Scientists create 'spider-goat'
by James Langton in New York
Scientists have made an astonishing breakthrough by successfully crossing a spider with a goat to produce silk that is tougher than steel.
The new fibre is designed to create a bullet-proof vest for the US Army that can stop a shot from any gun. The spider-goat is believed to be the first commercially viable animal created from the DNA of two species - and could be worth millions for the Canadian company behind the research.
It also marks a significant shift in the debate about genetic experiments.

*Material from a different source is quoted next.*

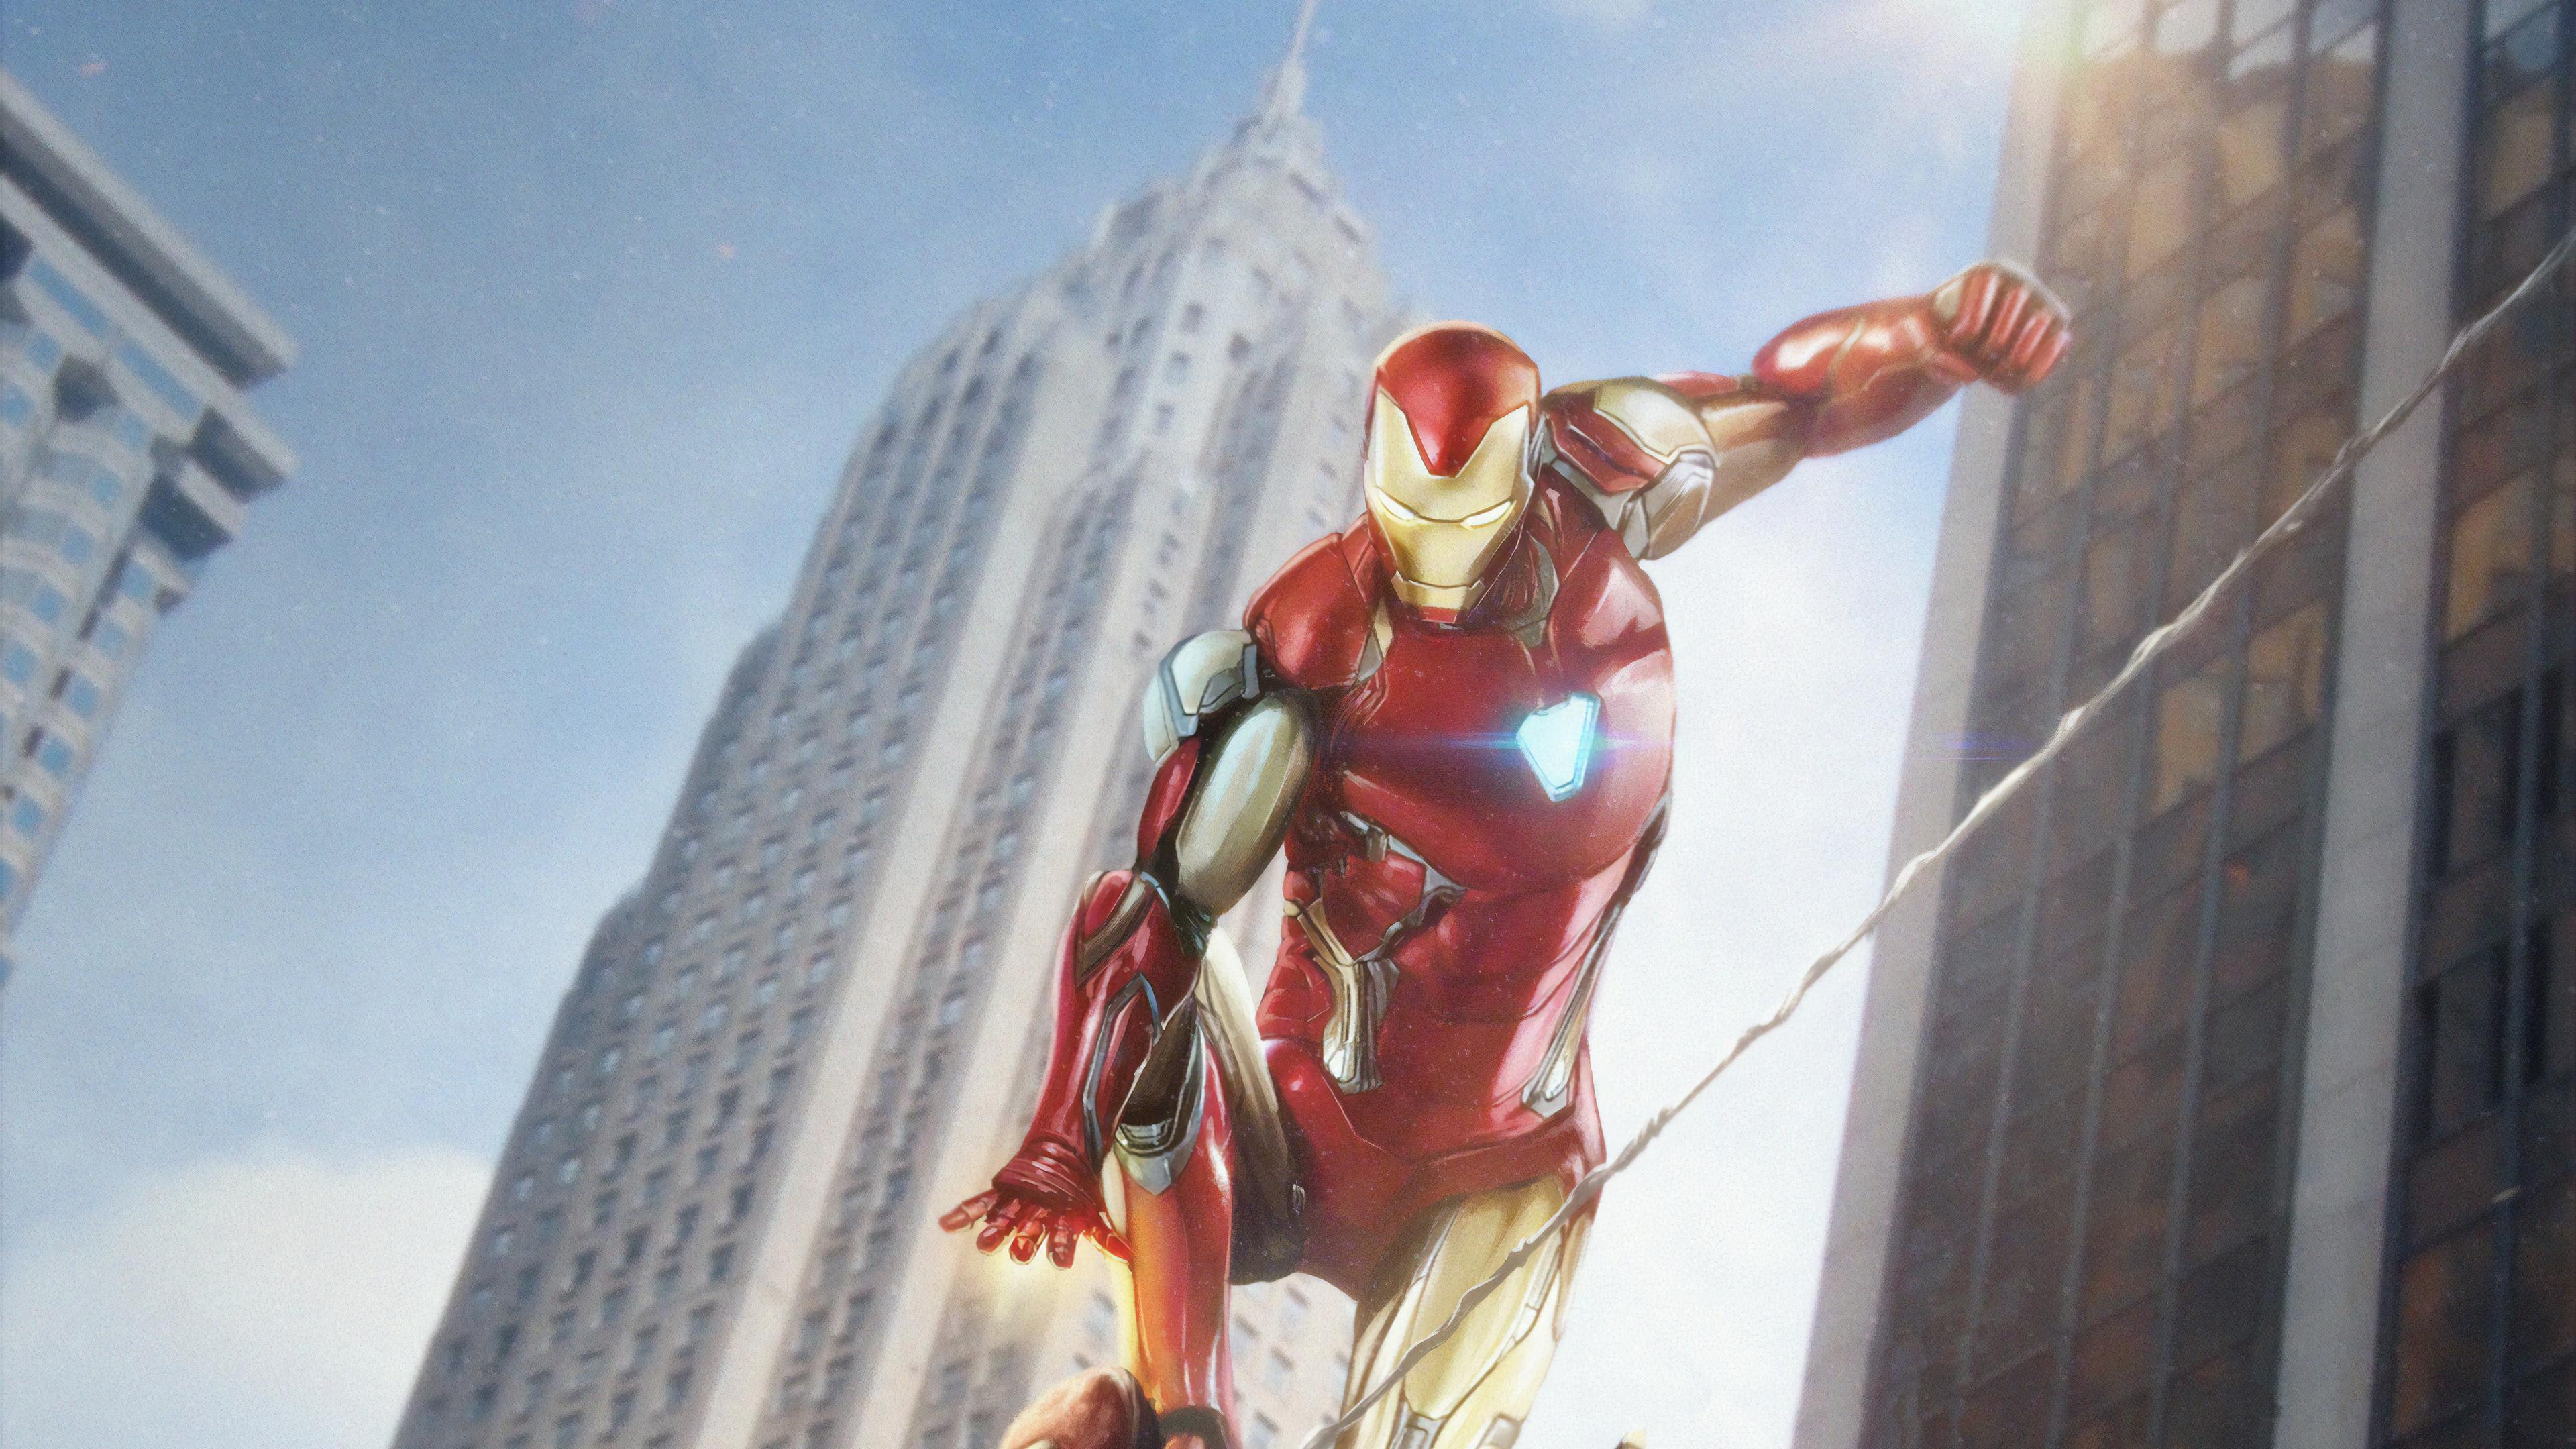 iron man vs spiderman 1565053829 - Iron Man Vs Spiderman - superheroes wallpapers, spiderman wallpapers, iron man wallpapers, hd-wallpapers, digital art wallpapers, artwork wallpapers, 4k-wallpapers

Dolly the sheep was created by British scientists researching human
health.Now similar technology is being used to create tools for the
military. Outwardly, the animals resemble ordinary goats. But at a
transgenic farmrun by Nexia Biotechnologies in rural Quebec they are being bred with a single gene from a golden orb-weaving spider.

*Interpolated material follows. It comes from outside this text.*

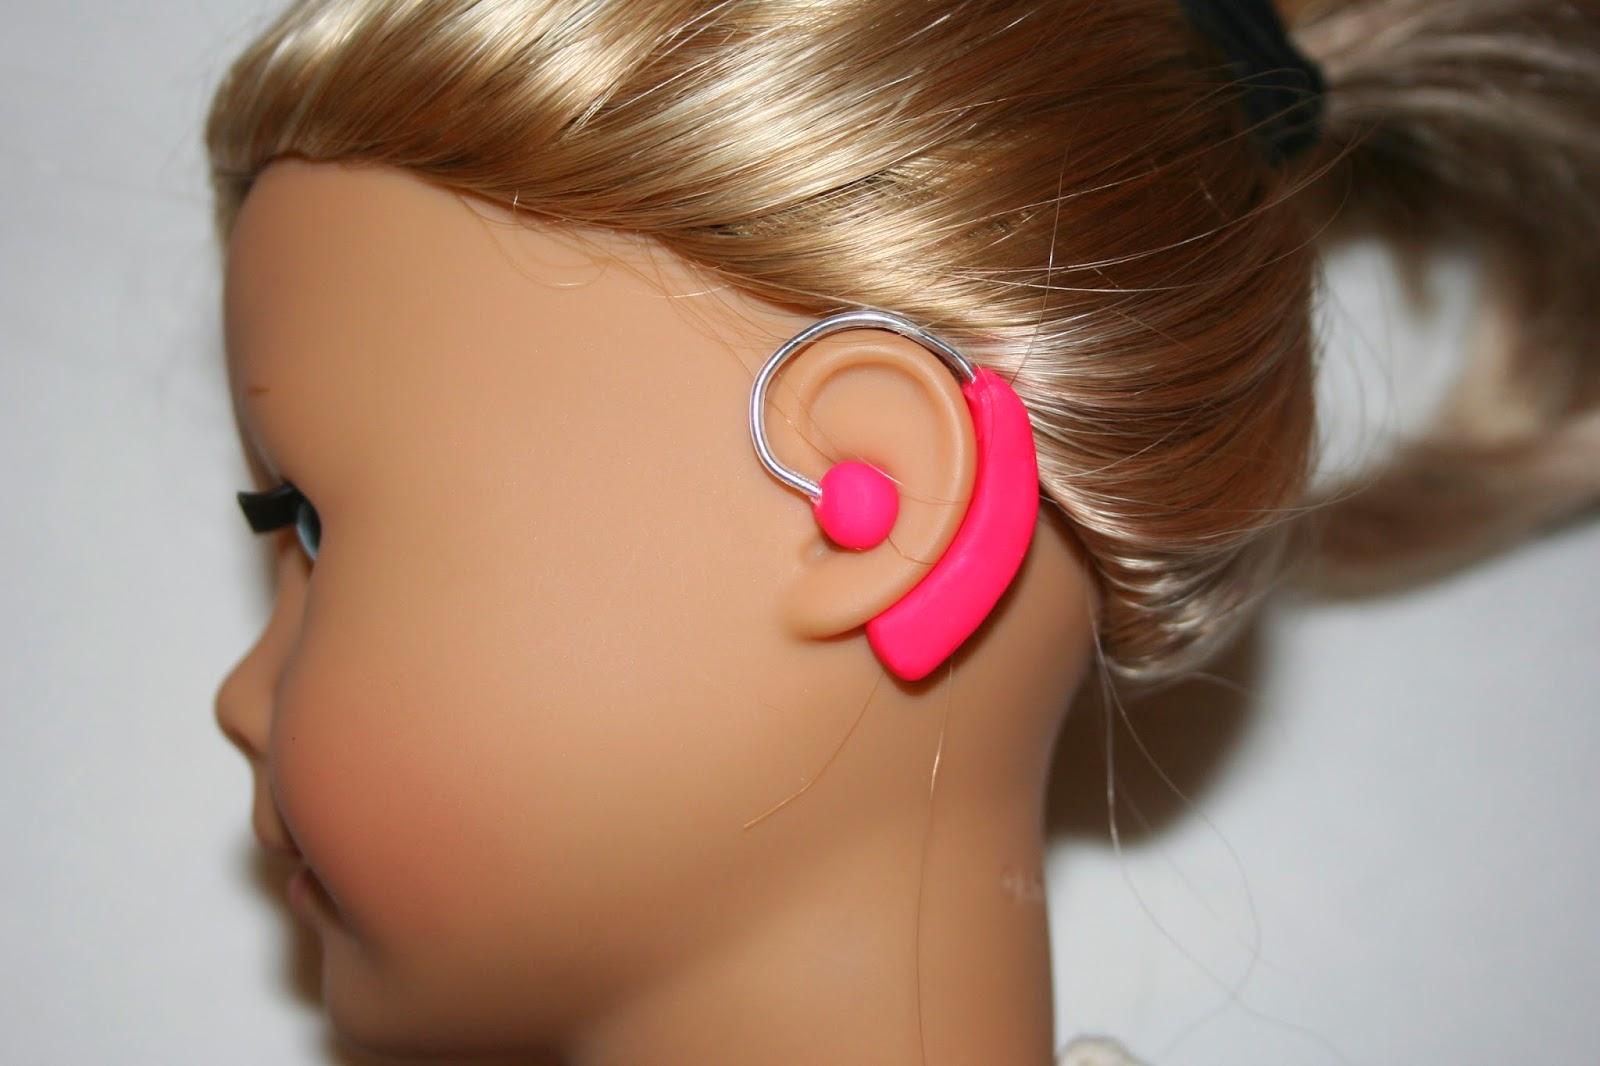 http://myagdollcraft.blogspot.com/2014/01/hearing-aid-for-american-girl-doll.html

Milk from the female goats contains silk that is five times the strength of steel. It is being used by the Pentagon to develop body armour that would be four times stronger than Kevlar but weigh less than a cotton shirt. Other commercial possibilities include using it to make biodegradable fishing lines and surgical stitches.
The product - dubbed BioSteel by Nexia - could also grab a huge slice of the £1 billion market in industrial fibres. It could be woven to produce couture clothing that would feel almost weightless, scientists claim. Hybrid spider-goats are bred using test-tube techniques. A single gene from the common orb-weaver or garden spider is inserted into fertilised goat eggs. Each baby goat is only 1/70,000th spider but when fully grown the females are able to produce a milk that contains a protein identical to spider silk.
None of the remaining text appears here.